What you give must be the lines from the one containing "Elderly hands holding a cane." through the last line of the listing below, exactly, with nothing else and no pictures.

(Raw data):
--------------------------------------------------
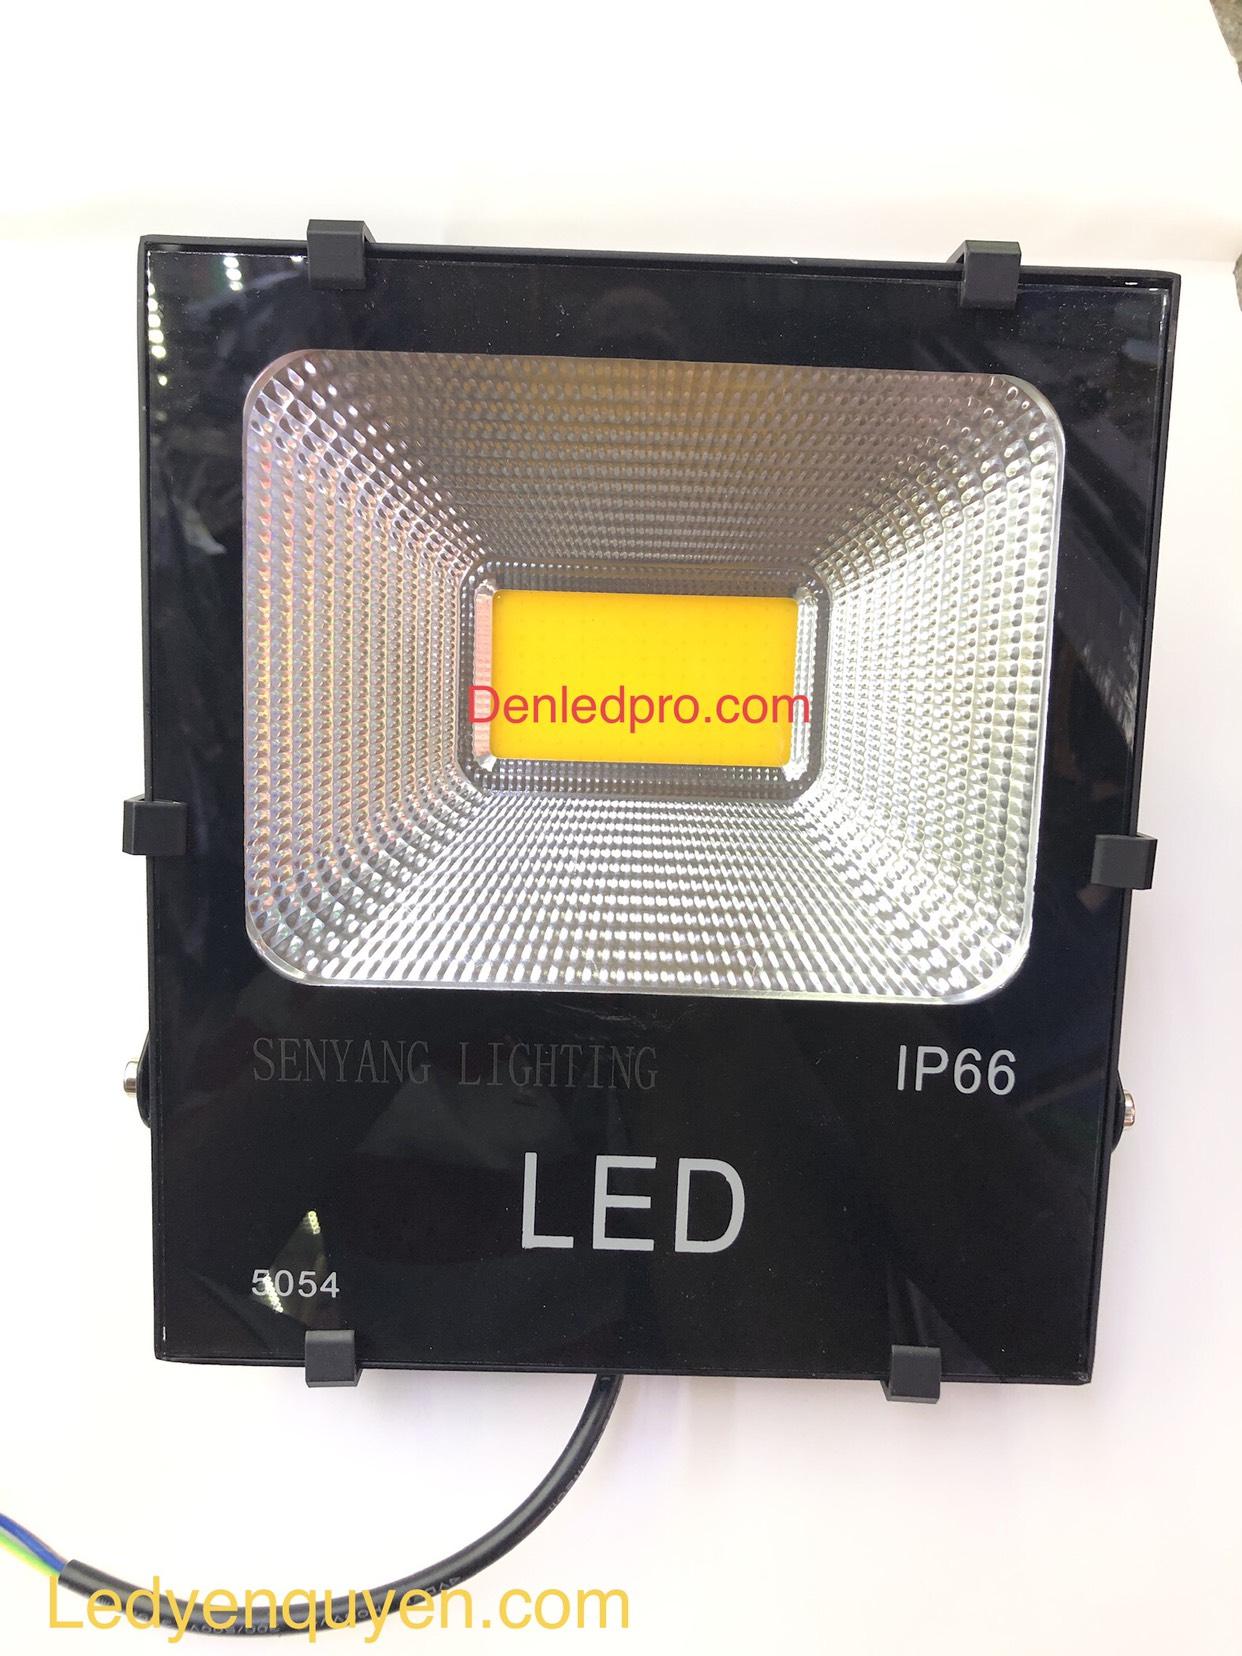 Đèn Pha LED 100W Senyang Light
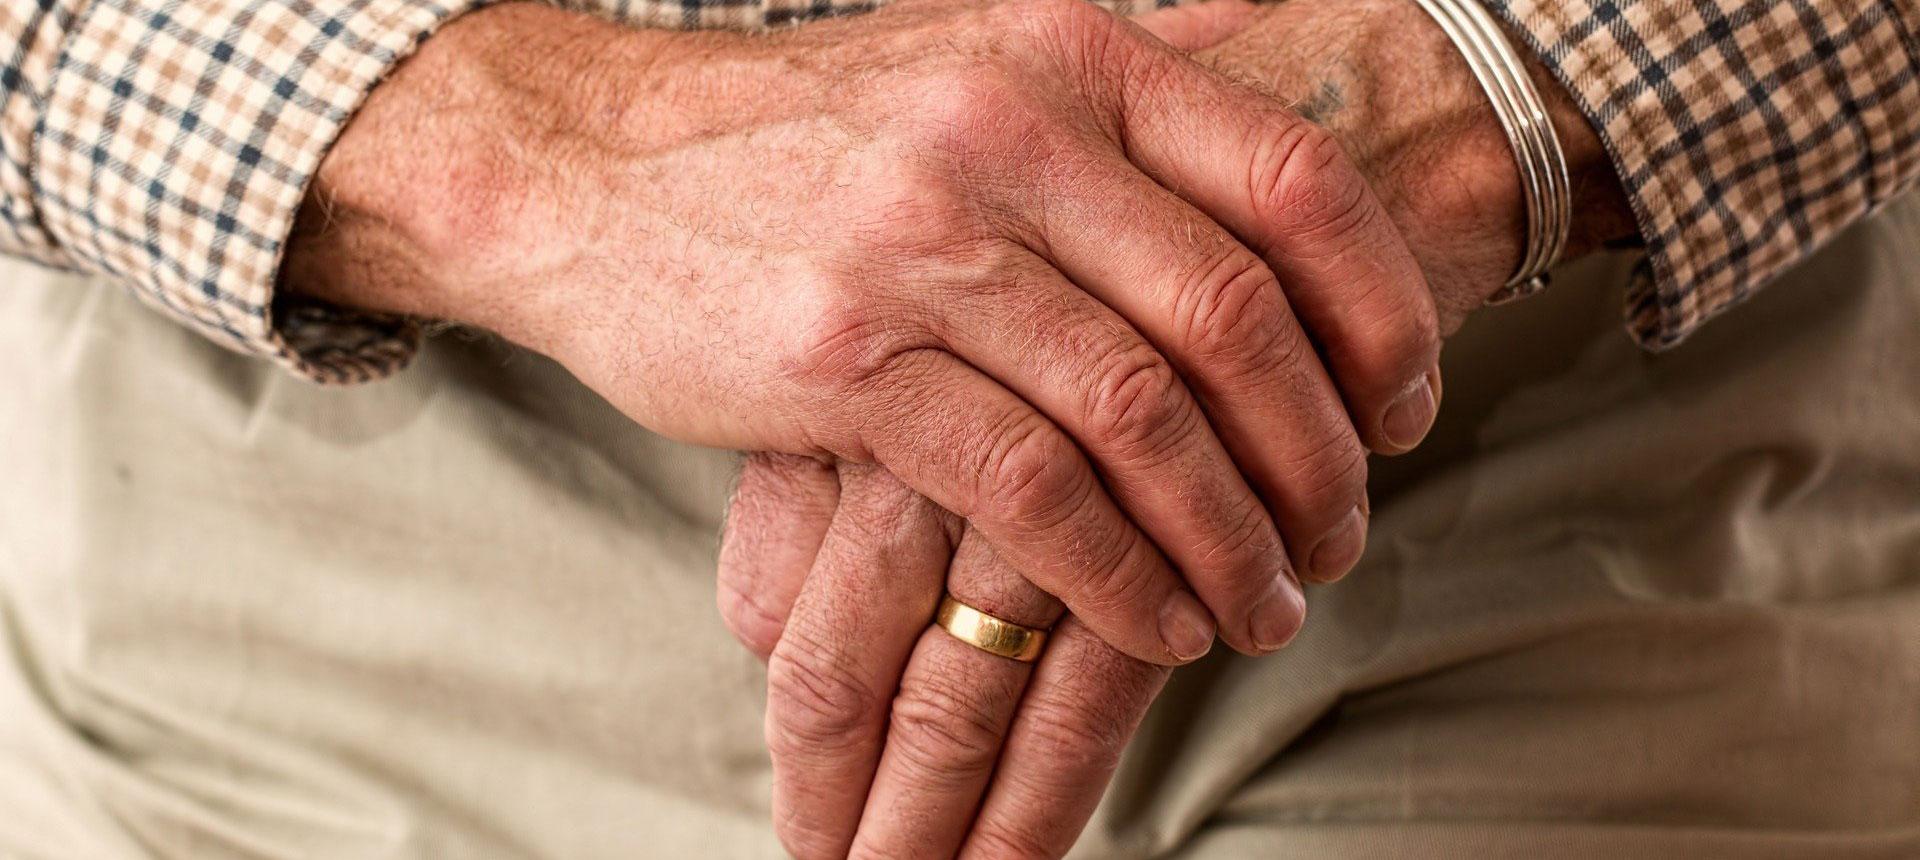 Elderly hands holding a cane.
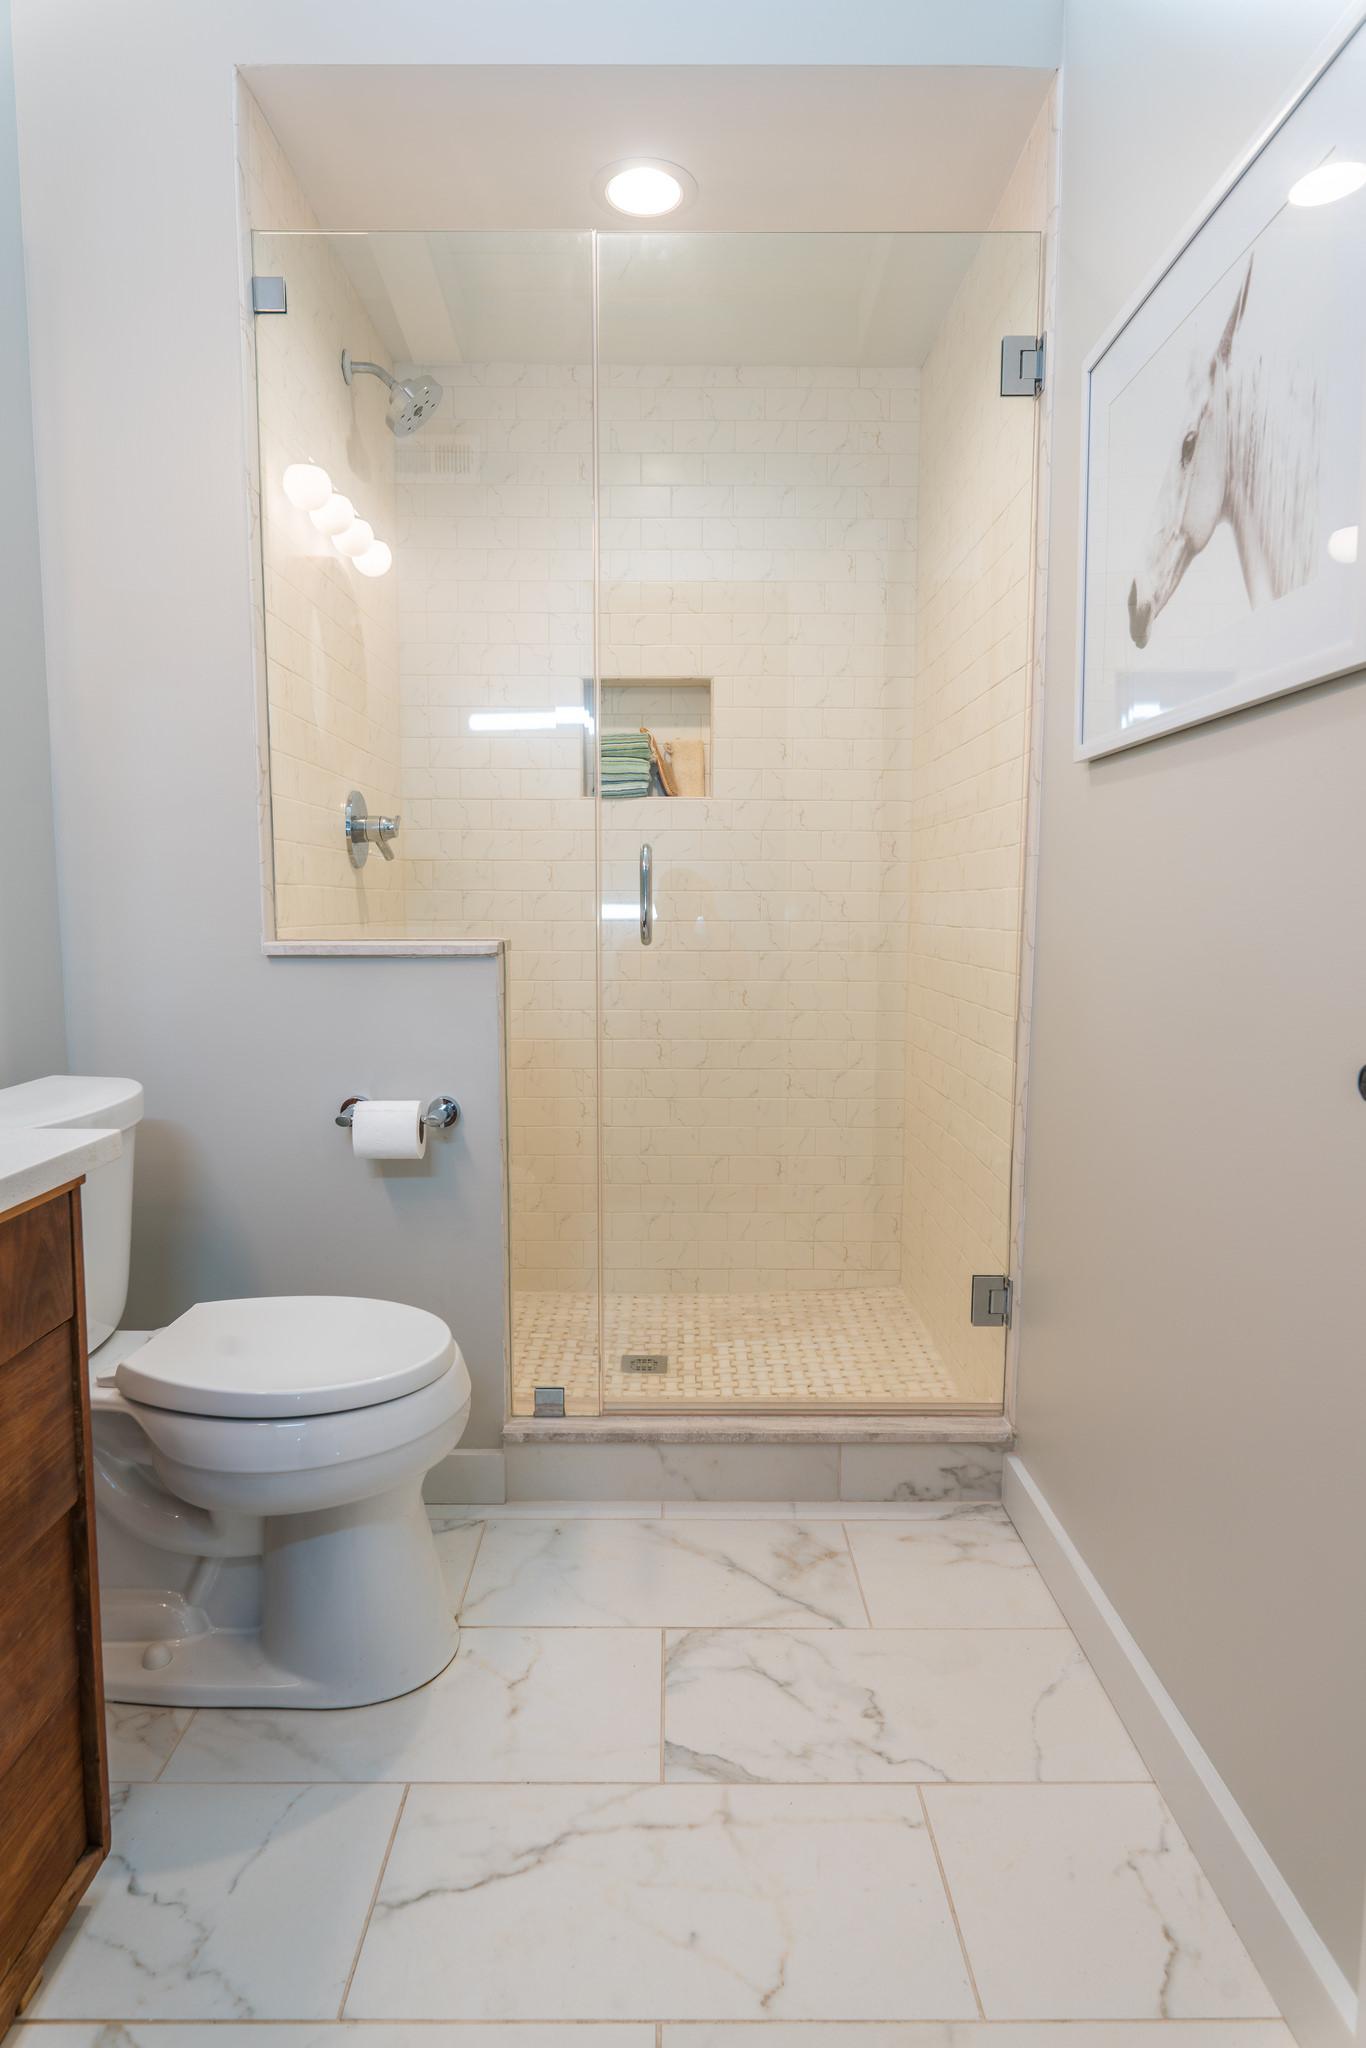 Hall bath with walk-in shower
--------------------------------------------------
(Solution for this exercise):
 Elderly hands holding a cane.
 Hall bath with walk-in shower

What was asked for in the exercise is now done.